Exercise brief:
Copy out exactly, from the entries that follow, the line holding "TRU-SPEC Men's 24-7", the line holding "JOOP! Classic - Cornflower", and all lines between them, but no pictures.

Material to process:

——

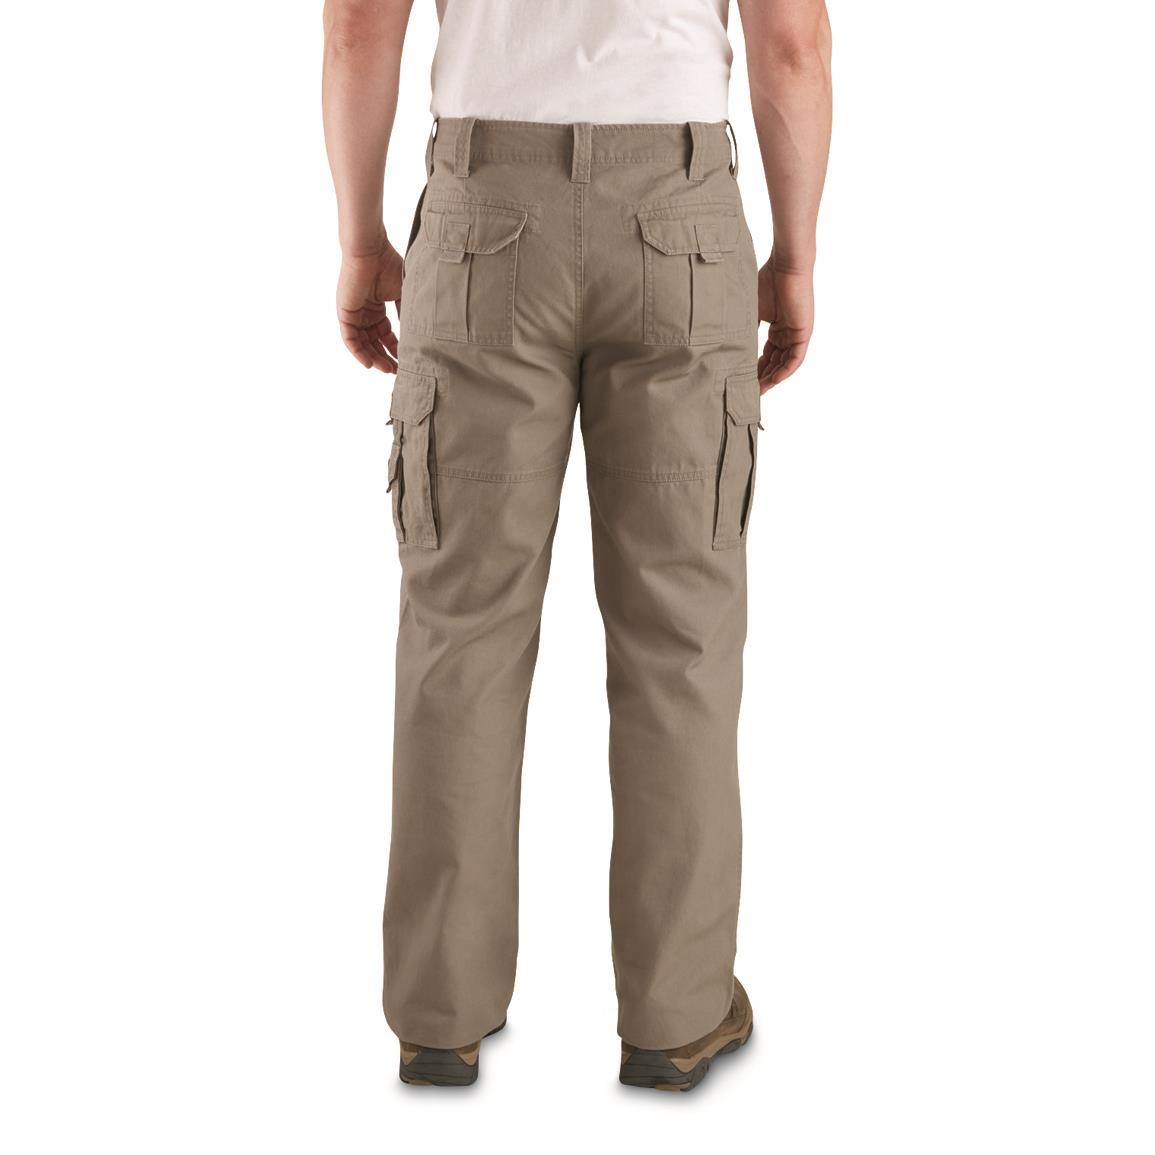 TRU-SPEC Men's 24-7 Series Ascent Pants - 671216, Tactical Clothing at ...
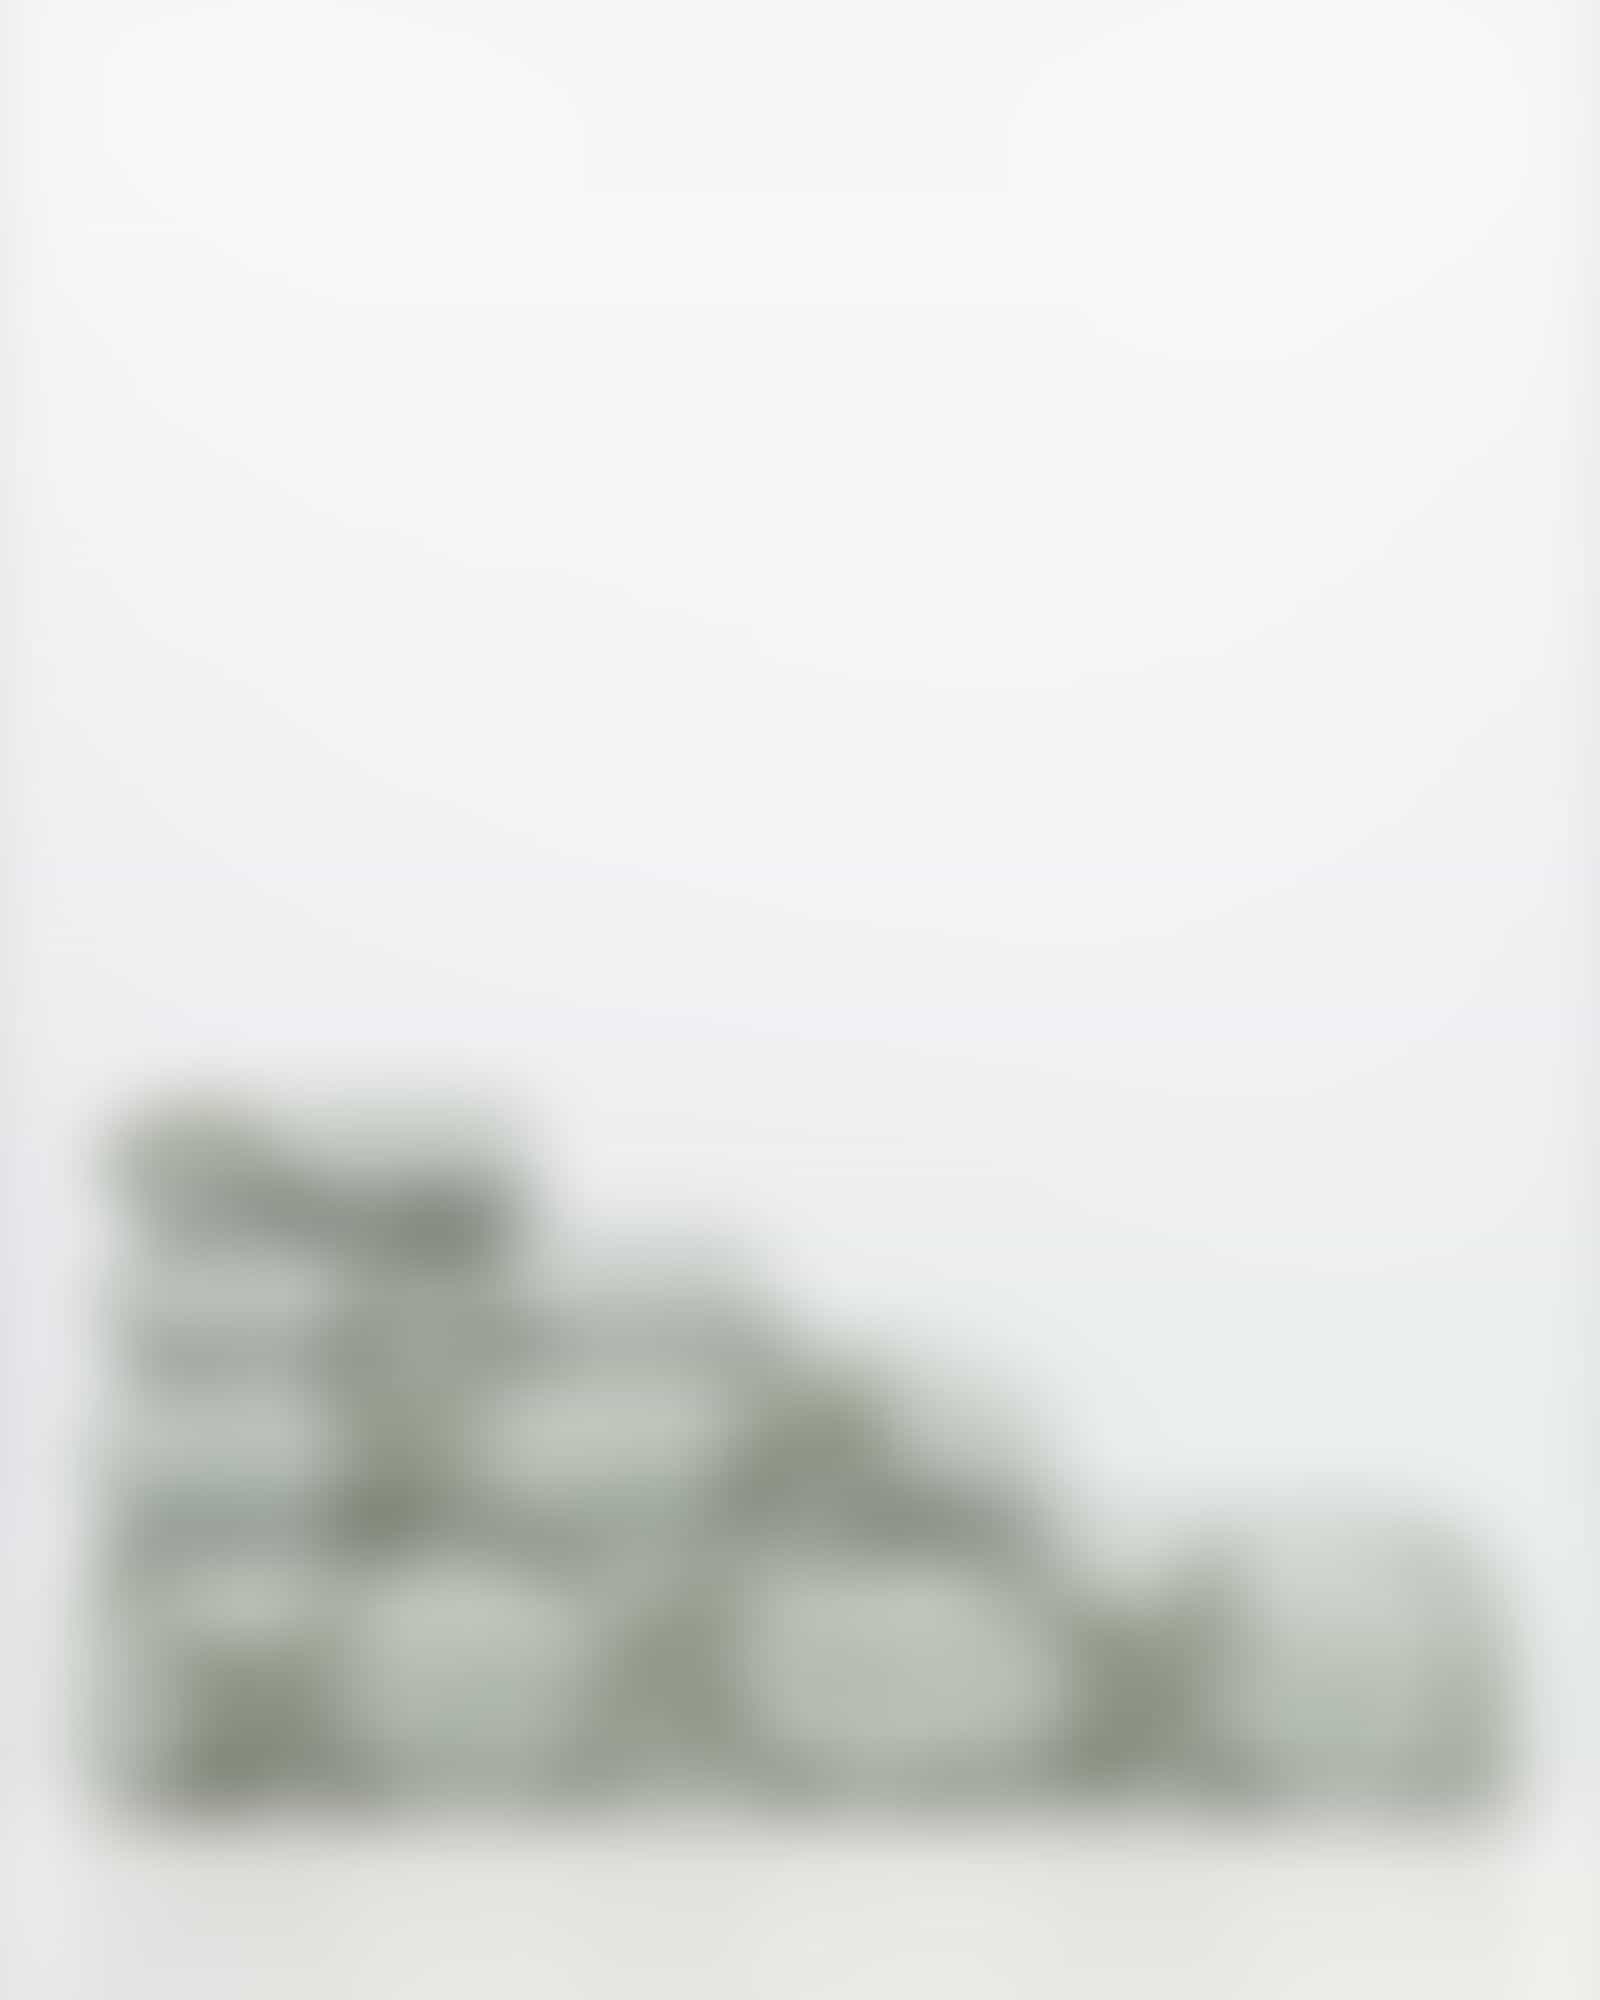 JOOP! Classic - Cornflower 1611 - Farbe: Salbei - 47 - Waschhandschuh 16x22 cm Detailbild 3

——

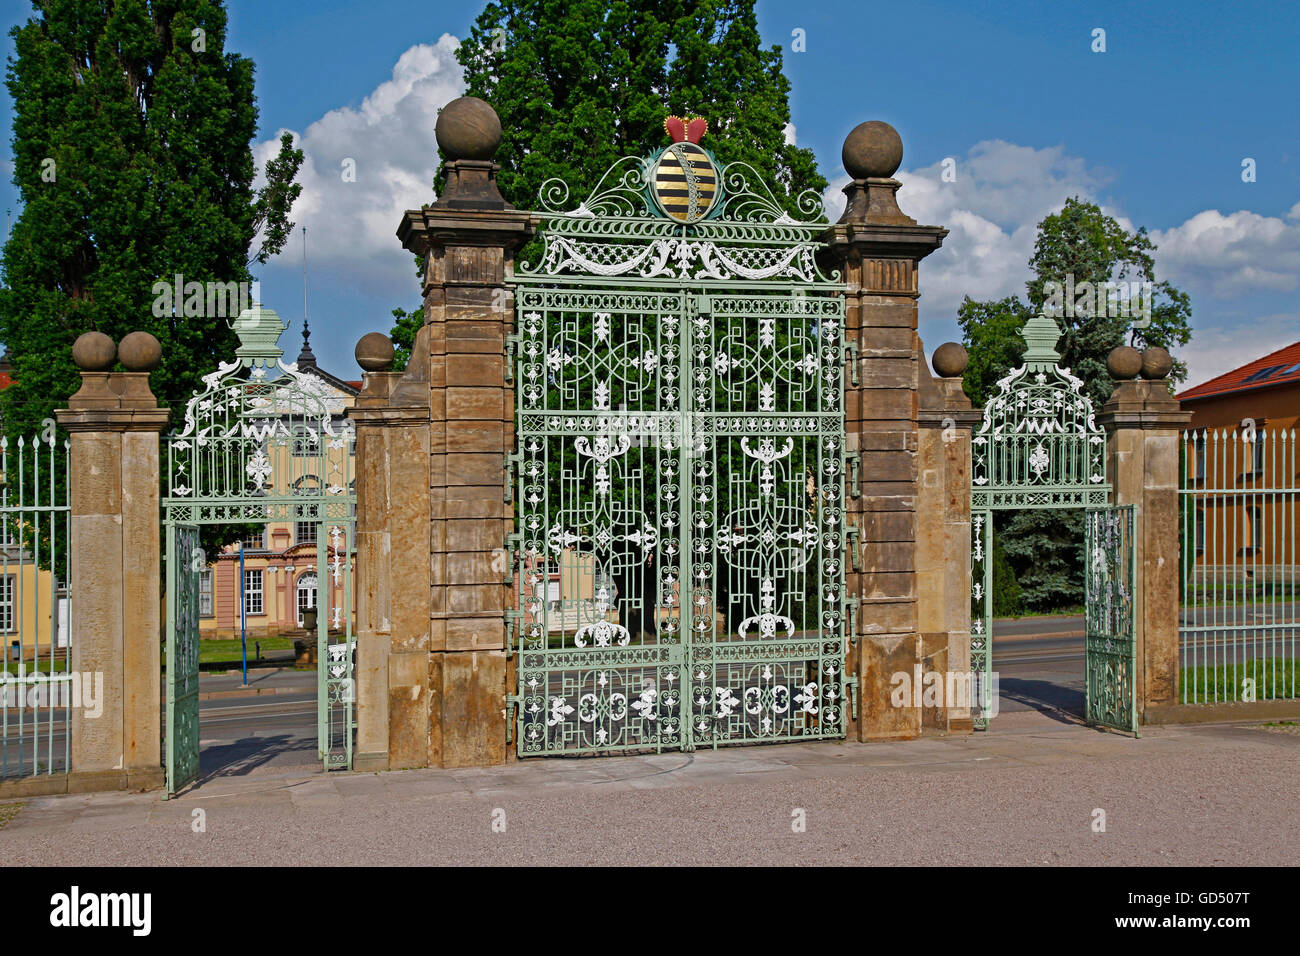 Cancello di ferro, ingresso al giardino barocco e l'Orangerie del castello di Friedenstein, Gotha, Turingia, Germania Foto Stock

——

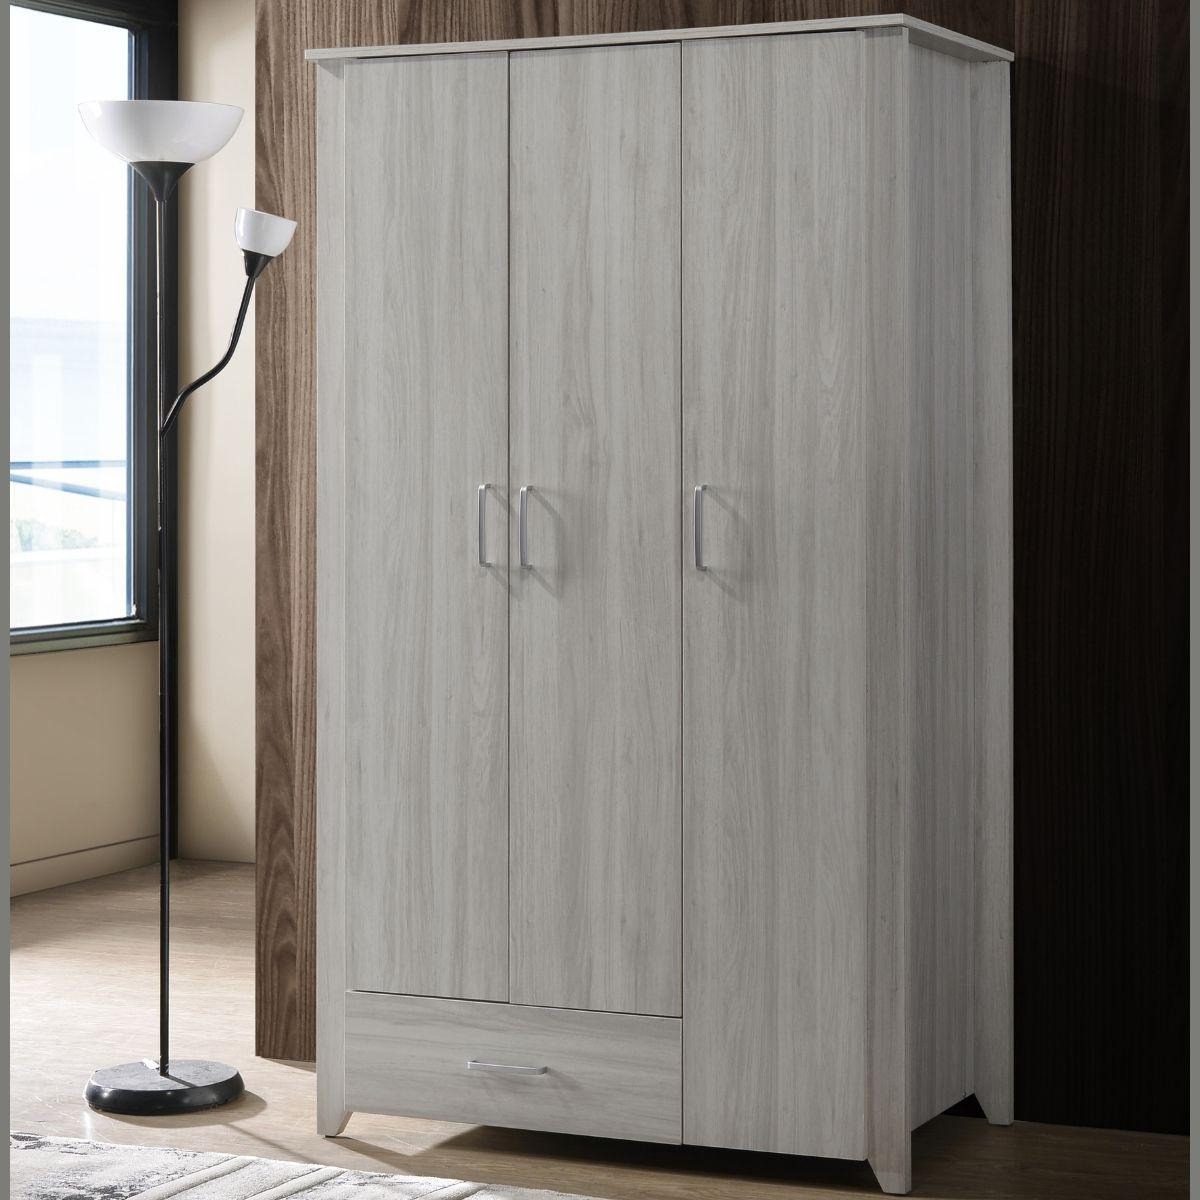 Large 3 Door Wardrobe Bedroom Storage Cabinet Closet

——

Response to this task:
 TRU-SPEC Men's 24-7 Series Ascent Pants - 671216, Tactical Clothing at ...
 JOOP! Classic - Cornflower 1611 - Farbe: Salbei - 47 - Waschhandschuh 16x22 cm Detailbild 3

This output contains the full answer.